Black hairy tongue can also be caused by antibiotics e.g., (penicillins, cephalosporins, tetracyclines, clarithromycin and linezolid).

==Treatment==
Treatment is by reassurance, as the condition is benign, and then by correction of any predisposing factors. This may be cessation of smoking or cessation/substitution of implicated medications or mouthwashes. Generally direct measures to return the tongue to its normal appearance involve improving oral hygiene, especially scraping or brushing the tongue before sleep. This promotes desquamation of the hyperparakeratotic papillae. Keratolytic agents (chemicals to remove keratin) such as podophyllin are successful, but carry safety concerns.

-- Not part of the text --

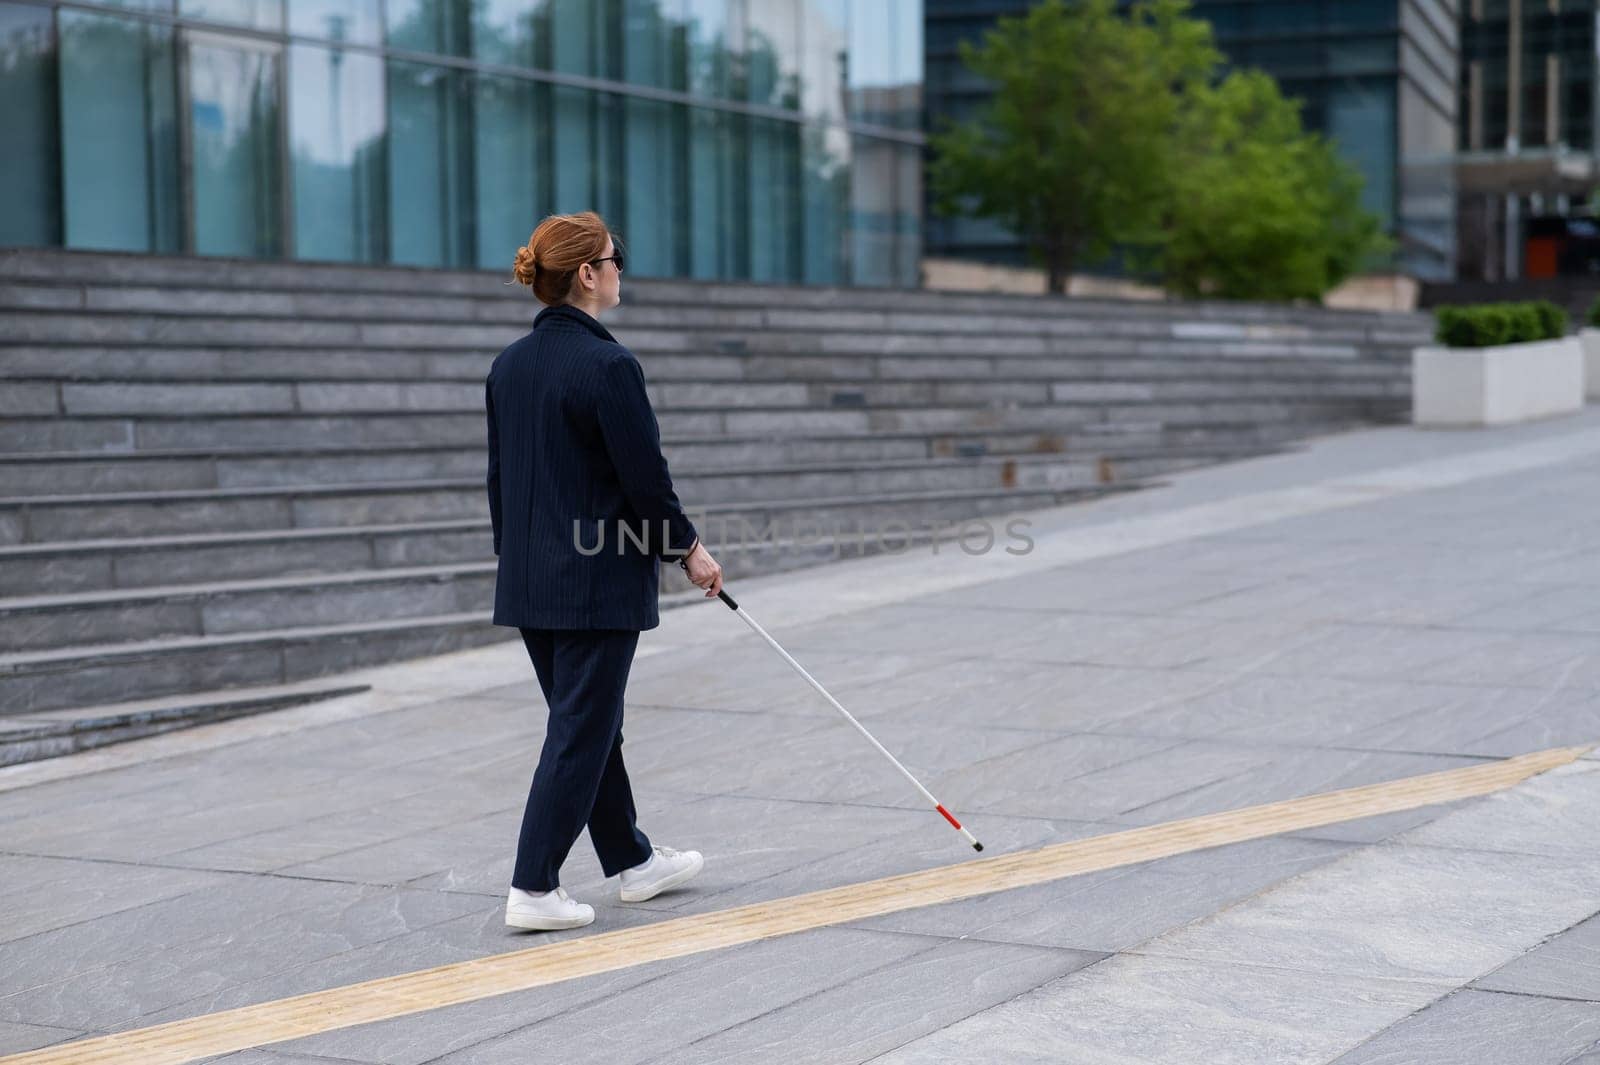 Blind businesswoman walking along tactile tiles with a cane. by mrwed54

Other reported successful measures include sodium bicarbonate mouthrinses, eating pineapple, sucking on a peach stone and chewing gum.

==Prognosis==
BHT is a benign condition, but people who are affected may be distressed at the appearance and possible halitosis, and therefore treatment is indicated.

==Epidemiology==
Hairy tongue occurs in about 0.5% of adults. However, the prevalence is variable depending on the population studied.